Kurz, Scotty ist eine ganz eigene Persönlichkeit und hat außer dem Fressverhalten (gierig, es ist grundsätzlich immer zu wenig im Napf) und seinem Hang zum Posieren vor der Kamera nichts mit seinem legendären Vorgänger gemein. Das ist auch gut so. Toni war Toni und Scotty ist Scotty. Es wäre ohnehin unfair, Vergleiche zu ziehen, aber ich gebe zu, dass es mich schon sehr überrascht, wie unterschiedlich die Tiere sind.

Erziehung & Milchzahnkoller

Momentan steht hier vor allem konsequente Erziehungsarbeit an. Auch wenn ich es theoretisch weiß, muss ich mir doch immer vor Augen führen, dass dieses kleine Wesen ja nocht gar nicht wissen kann, wie ein harmonisches Zusammenleben zwischen Mensch und Tier auf Dauer funktionieren soll.

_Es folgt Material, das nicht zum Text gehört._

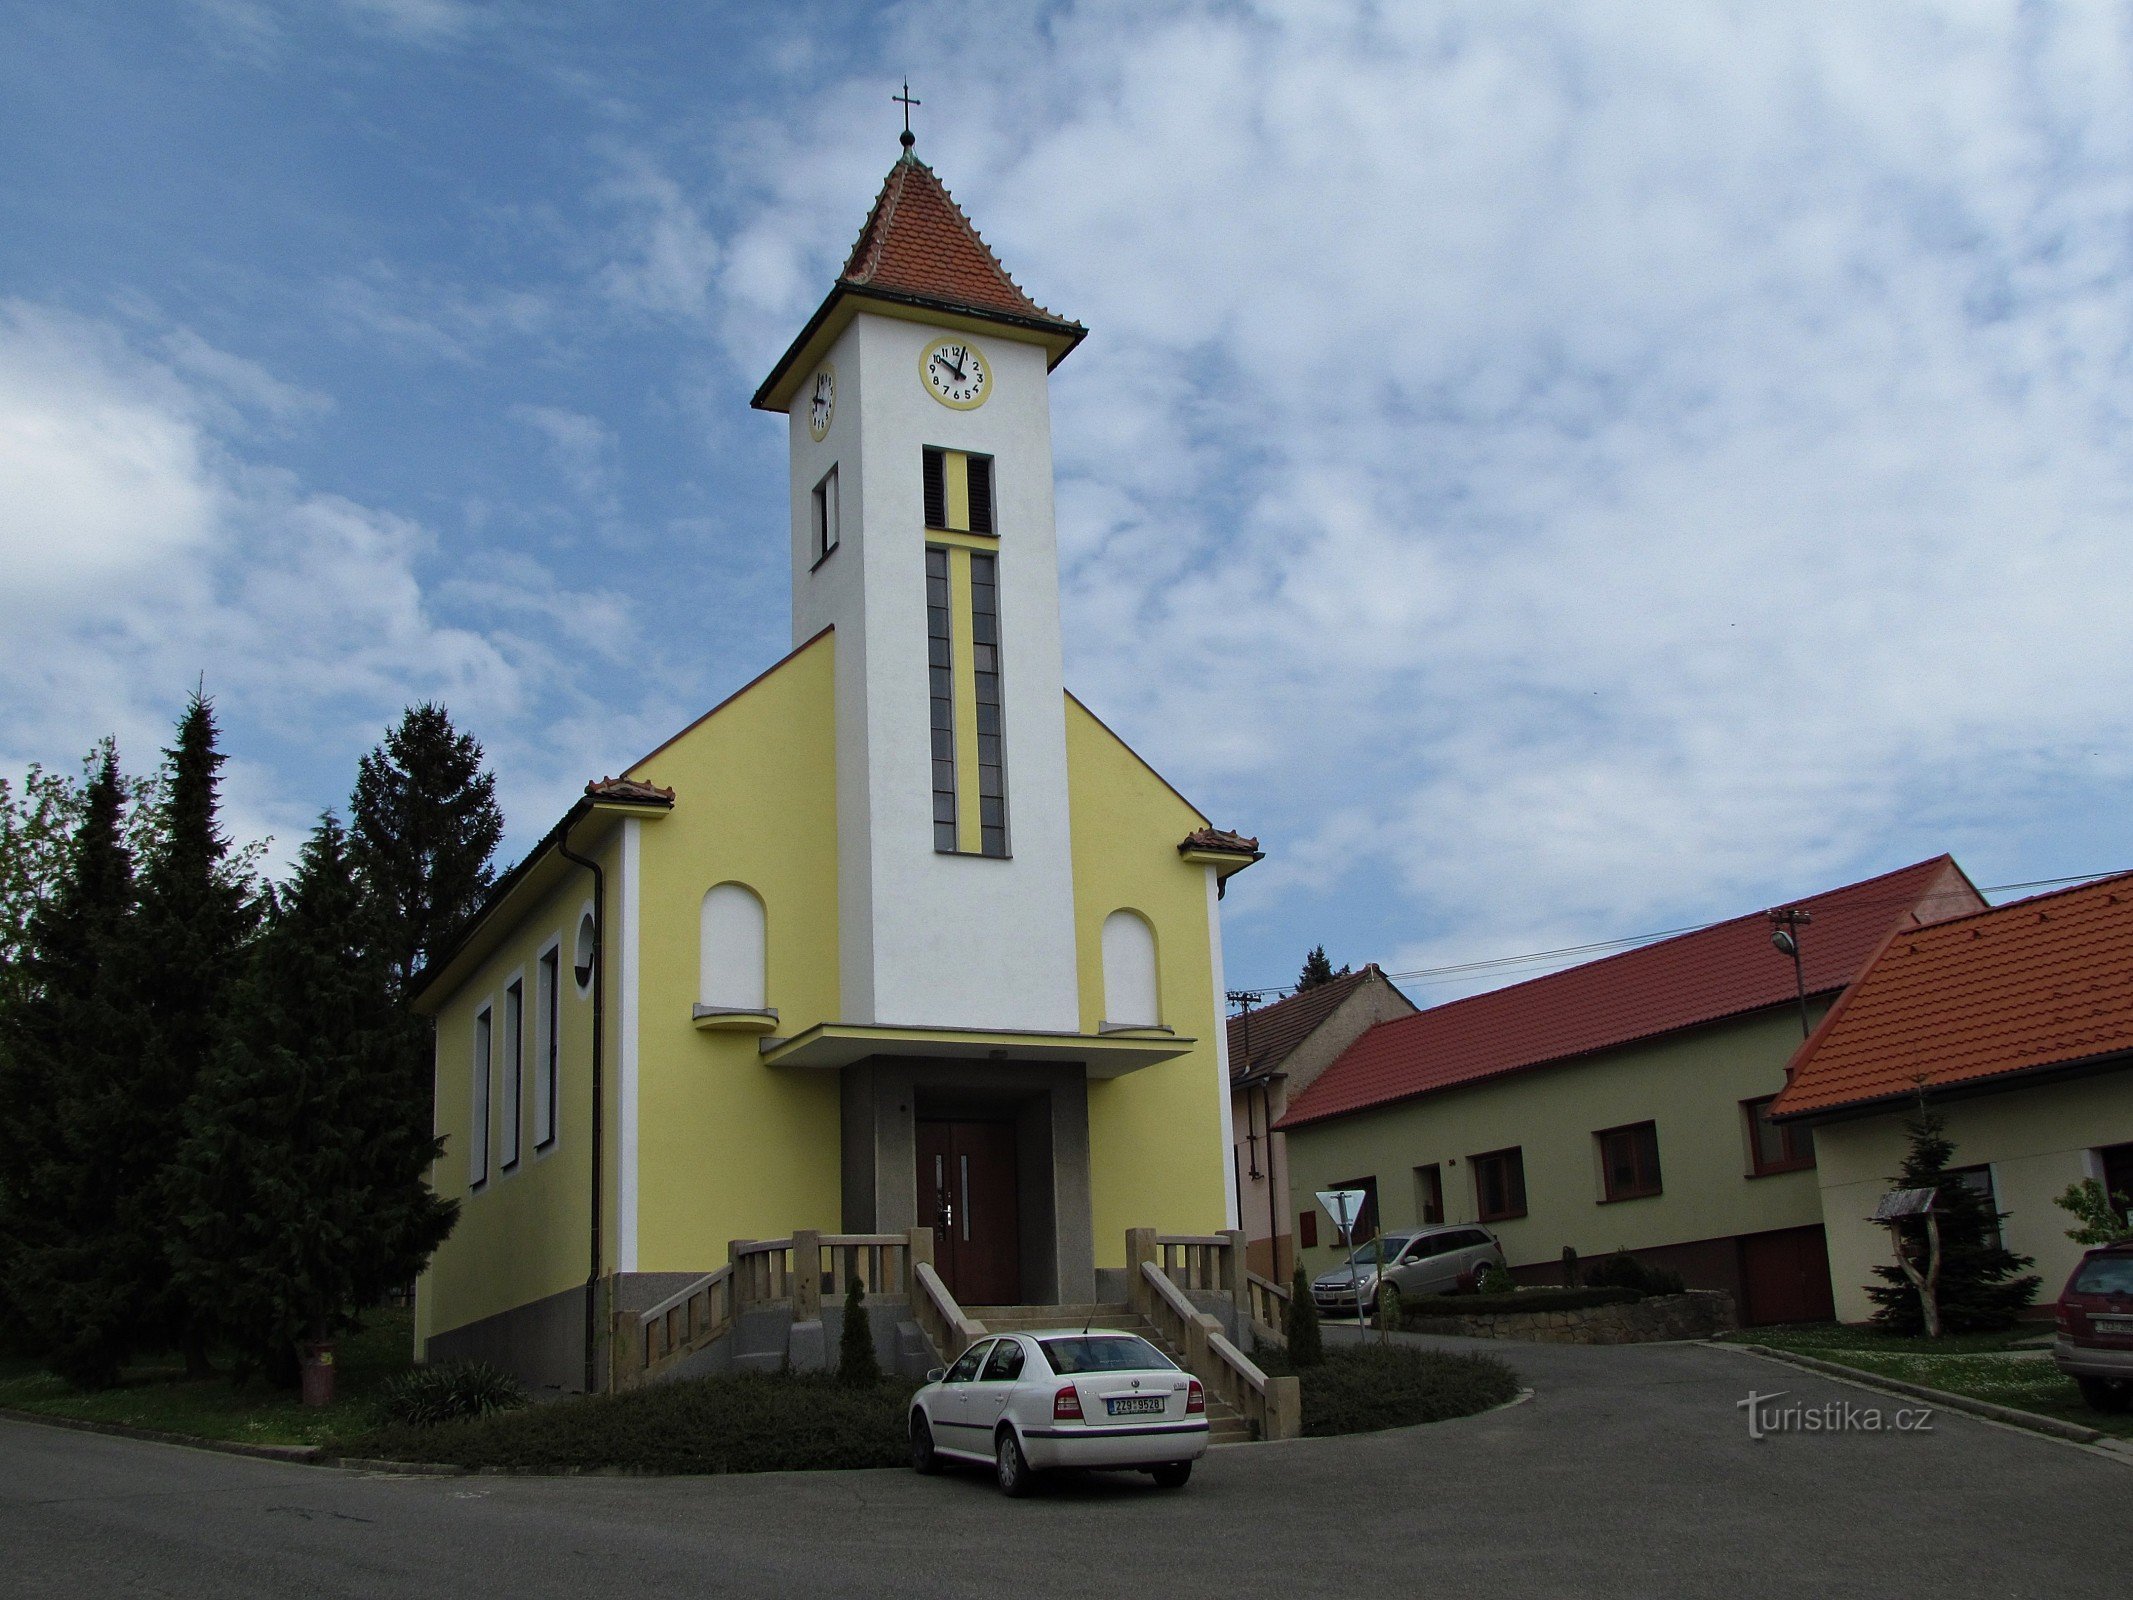 Жлутава - церковь св. Кирилл и Мефодий
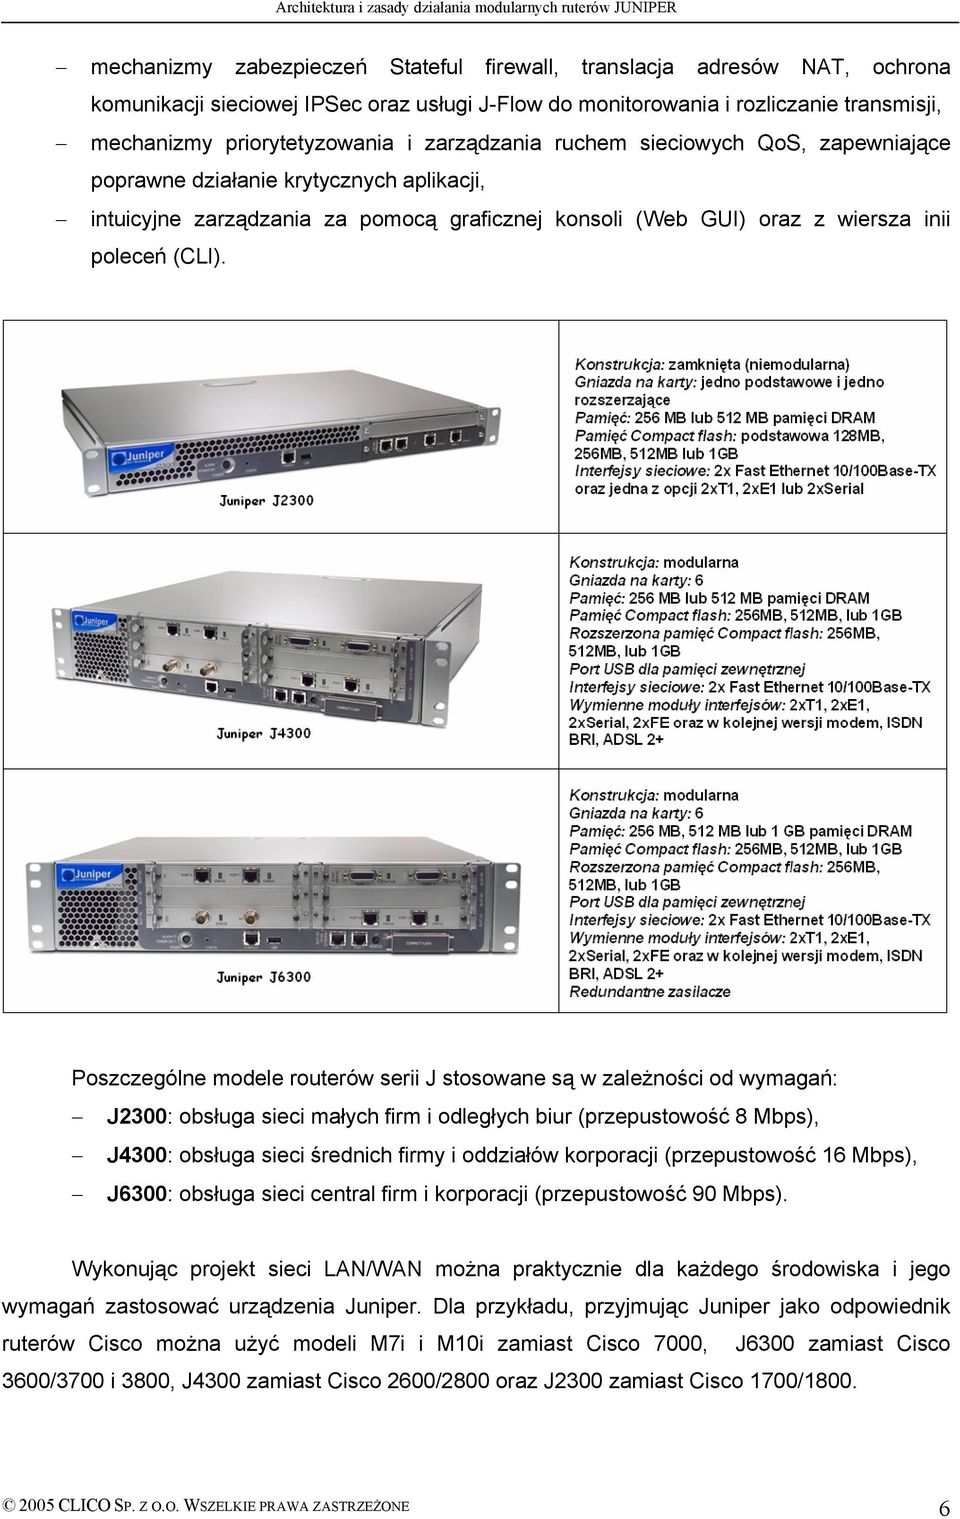 PoszczegÜlne modele routerüw serii J stosowane są w zależności od wymagań: J2300: obsługa sieci małych firm i odległych biur (przepustowość 8 Mbps), J4300: obsługa sieci średnich firmy i oddziałöw

Und es ist unser Job, ihm das klarzumachen. Das ist manchmal mühsam und anstrengend, macht aber vor allem sehr viel Freude, denn Scotty ist bei allem Übermut begeistert dabei, wenn es darum geht, neue Dinge zu lernen. Es hilft auch, wenn ich mir vor Augen führe, WAS er schon alles in der kurzen Zeit gelernt hat. Das tröstet dann über die Ausrutscher und »flüssigen Unfälle« hinweg, die ab und zu noch passieren.

Die aktuelle Phase ist wohl hauptsächlich den Milchzähnen der Hölle geschuldet und der Tatsache, dass junge Hunde sich die Welt nicht nur erschnüffeln und ansehen, sondern vor allem auch mit dem Maul ertasten.

Zwei Dinge sind jedenfalls sicher: Wir lieben ihn von Herzen und würden ihn nie wieder hergeben - und er wird ein spitzenmäßiger Autorenhund werden. Warum? Zum ersten Mal, seit ich mich erinnern kann, habe ich über die Weihnachtstage nicht zugenommen. Wenn das so weiter geht, nehme ich am Ende sogar noch ein paar Pfund ab. Und man munkelt, dass die viele Bewegung auch gut für den Hirnstoffwechsel ist und auch die eigene Kreativität fördert. Da können wir uns also auf einiges gefasst machen.